Tuesday, 9 January 2018
Exhibit Hall 3 (ACC) (Austin, Texas)
Matthew B. Paulus, NCAR, Boulder, CO

The Perdigão field campaign was a comprehensive, international project aimed at improving the understanding of atmospheric flow over complex terrain, from mesoscale to microscale. During the project, a lower-atmospheric, reference data set was collected at an unprecedented spacial and temporal resolution in order to characterize the mean and turbulent wind fields across a pair of ridges near Perdigão, Portugal. The project also focused on measuring the mean and turbulent temperature and moisture fields, as well as measuring the surface energy balance.

The Perdigão project included the deployment of the Integrated Surface Flux System (ISFS) and the Integrated Sounding System (ISS) of the National Center for Atmospheric Research Earth Observing Lab (EOL). The ISFS deployment consisted of 48 towers instrumented with 3-D sonic anemometers, temperature/relative humidity (T/RH) sensors, barometers, and radiometers. The primary goal of these sensors was to determine turbulence and thermodynamic fluxes across the ridges and throughout the valley in between. The ISS deployment consisted of three sites, one with a 1290 MHz radar wind profiler and Radio Acoustic Sounding System (RASS), another with a Sodar/RASS, and a final site from which radiosondes were released. Each site also included surface meteorological sensors. The ISS objective was to characterize the in-flow, out-flow, and thermodynamic profiles surrounding the ridges and valley, and to serve as an important validation source for the remote sensing data sets collected.

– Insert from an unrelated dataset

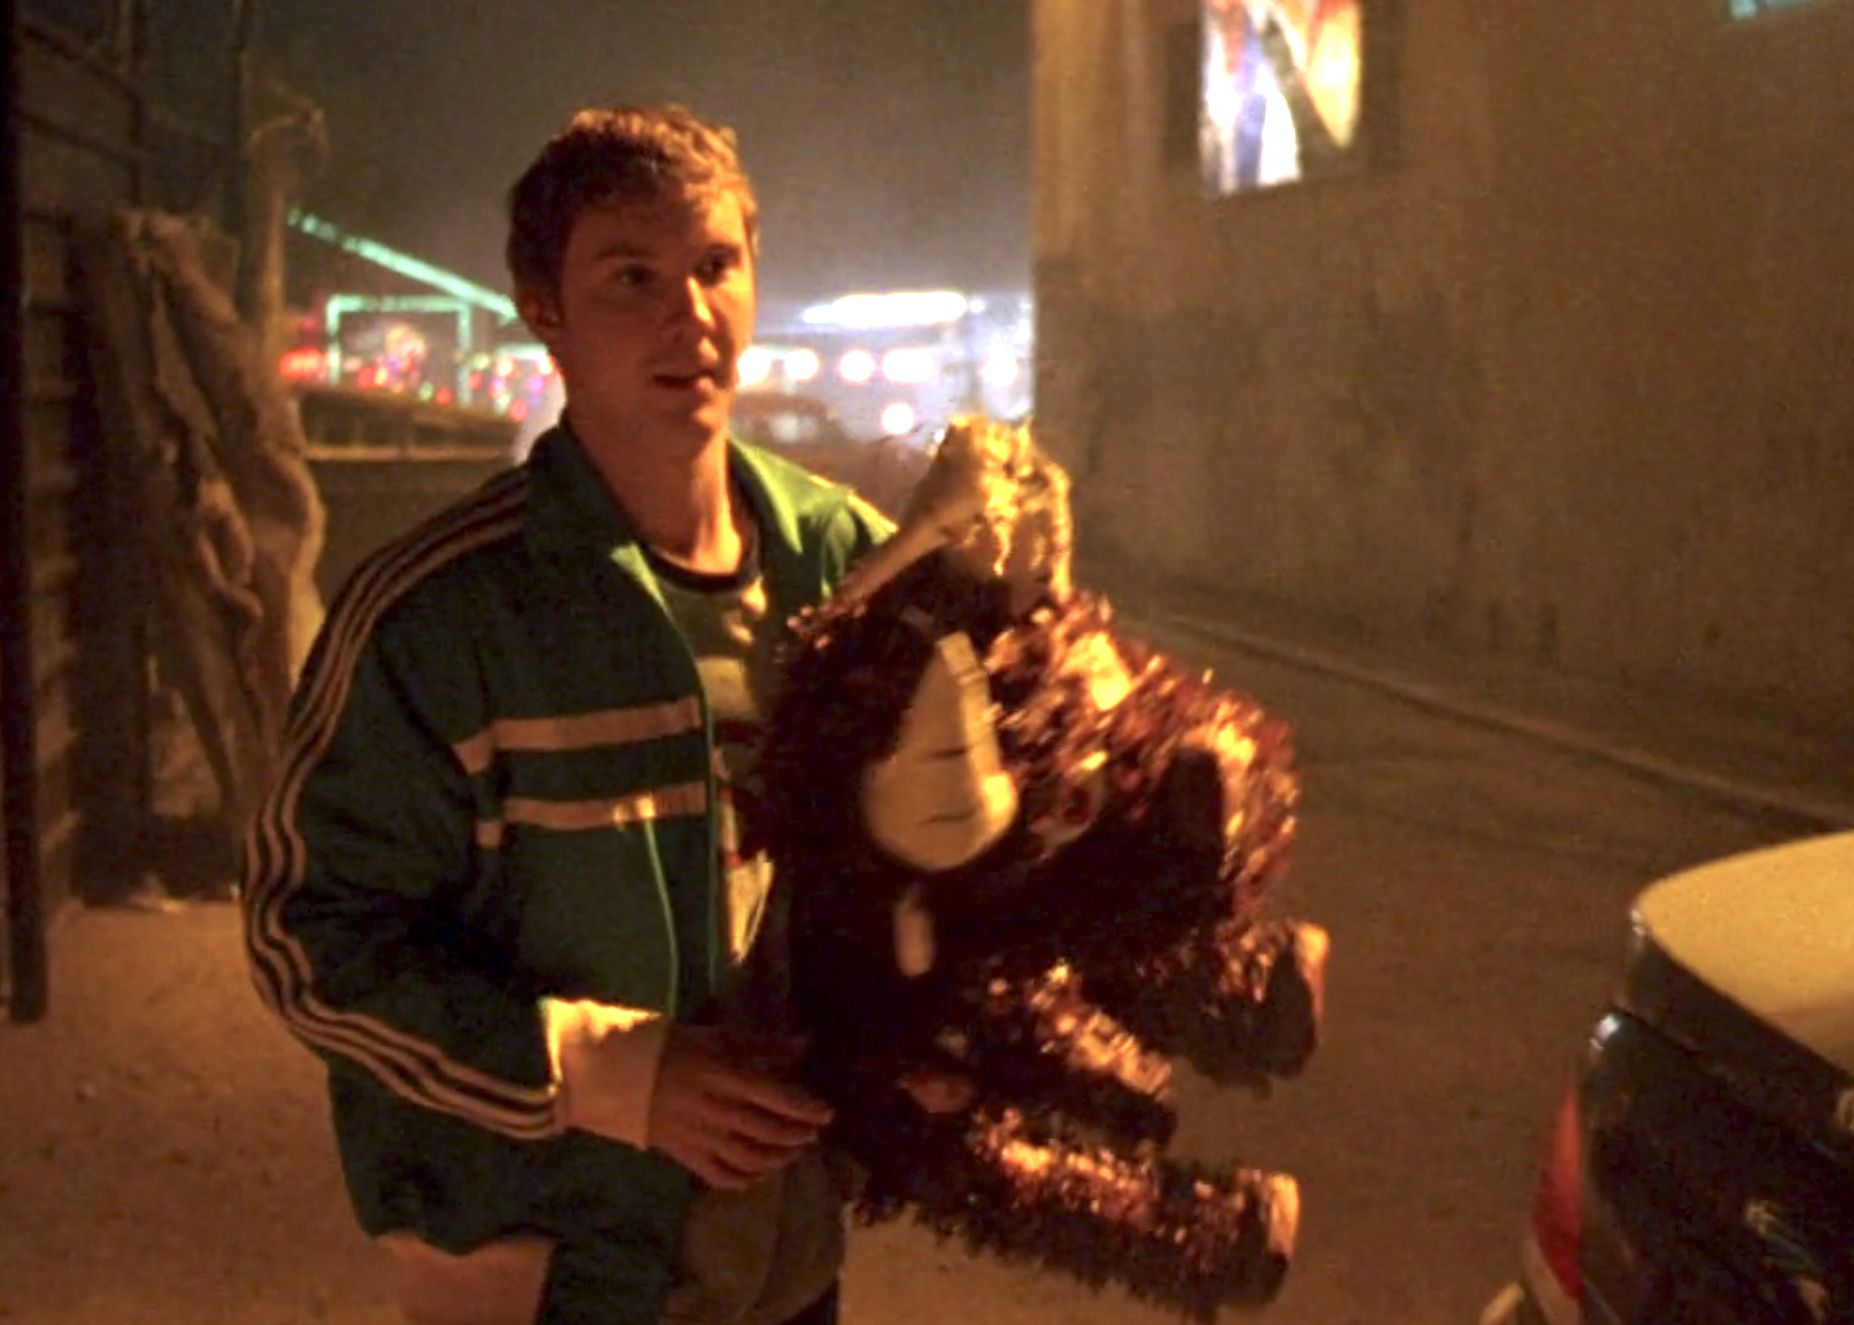 In this screenshot of S1E5, Luke, wearing a green track suit, is carrying a piñata.

Presented herein is an overview of the extensive data quality-control (QC) procedures applied to the ISFS and ISS datasets collected during the Perdigão project. The QC process includes merging datasets from various storage devices, rotating and tilt-correcting data from 183 sonic anemometers, and removing anomalous data points from all sensors. Additionally, bias and post-calibration corrections are calculated and applied to the entire array of sonic anemometers, T/RH sensors, barometers, radiometers, soil sensors, and rain gauges. Error statistics are then computed and QC tables are generated for each day of each variable. A similar QC process is performed on data collected by the ISS radar wind profiler and RASS, Sodar/RASS, and surface meteorological sensors. Finally, the data are archived and released to the investigators with appropriate documentation and metadata through EOL’s online database. This database includes dataset versioning, important contacts, and Digital Object Identifier (DOI) citation information to inform data users of future dataset updates and aid in reproducibility of results.